Apart from sound acquisition enhancement from selected sound source directions in an acoustic space, a further advantage of microphone array systems in general is the ability to locate and track prominent sound sources in the acoustic space. Two common techniques of sound source location are known as the time difference of arrival (TDOA) method and the steered response power (SRP) method, which can be used either alone or in combination.

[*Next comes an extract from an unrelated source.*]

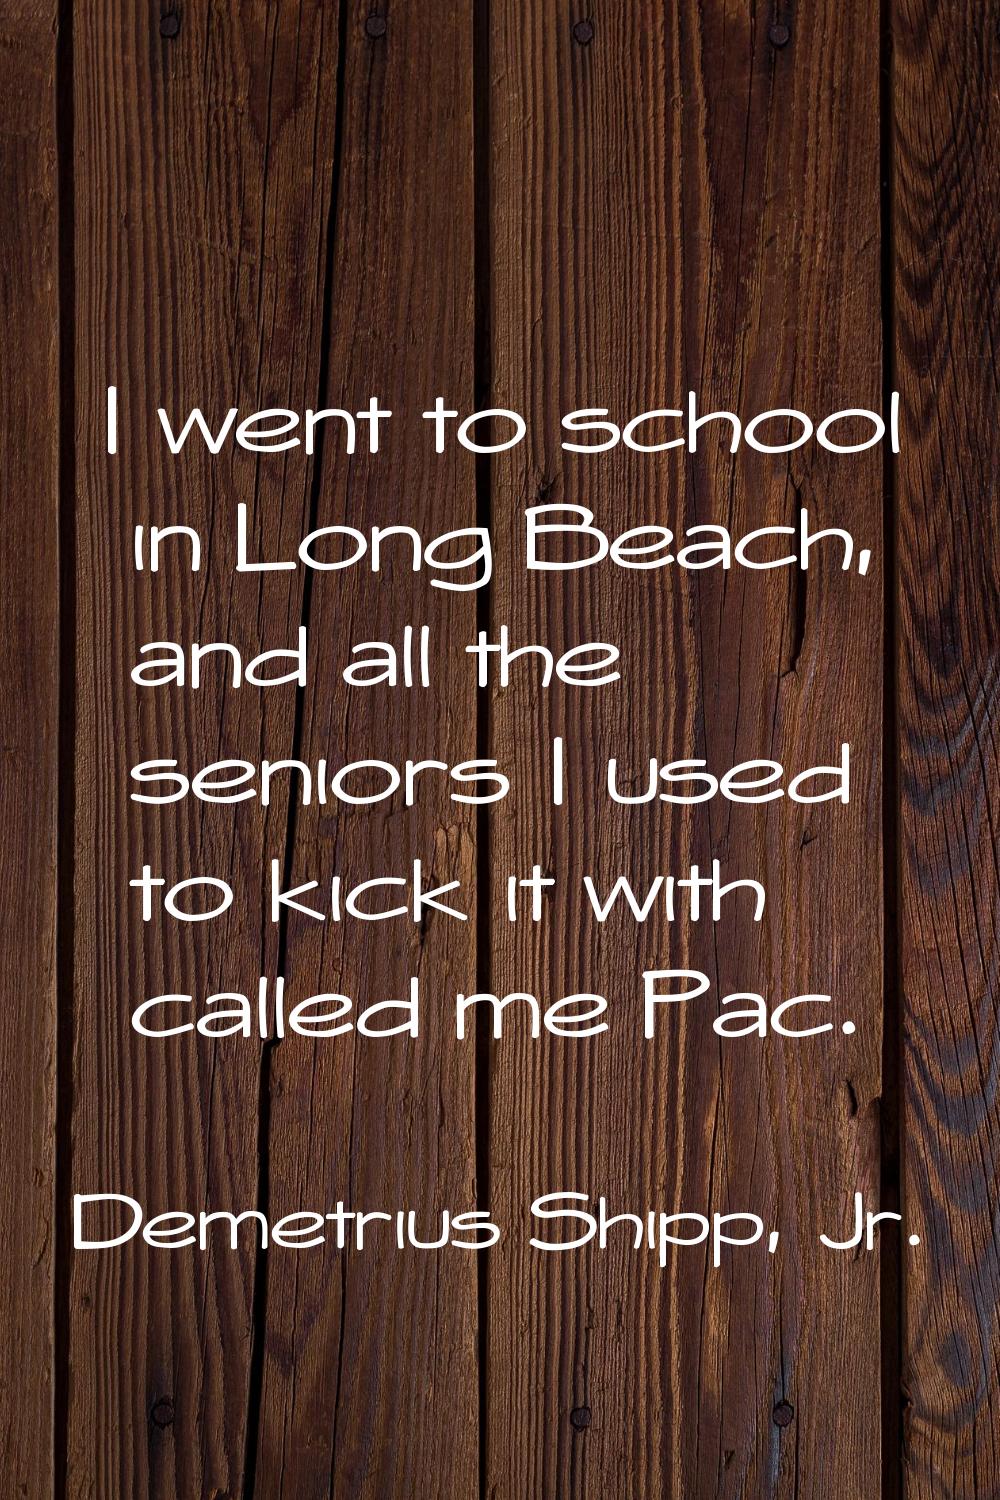 I went to school in Long Beach, and all the seniors I used to kick it with called me Pac.

As mentioned above, microphone array beamforming techniques are commonly used to reduce the amount of reverberation captured by the transducers. Excessive reverberation negatively affects the intelligibility and quality of captured audio as perceived by human listeners, as well as the performance of automatic speech recognition and speech biometric systems. Reverberation is reduced by microphone array beamformers by reducing the contribution of sounds received from directions other than the target direction (i.e., where the “beam” is directed).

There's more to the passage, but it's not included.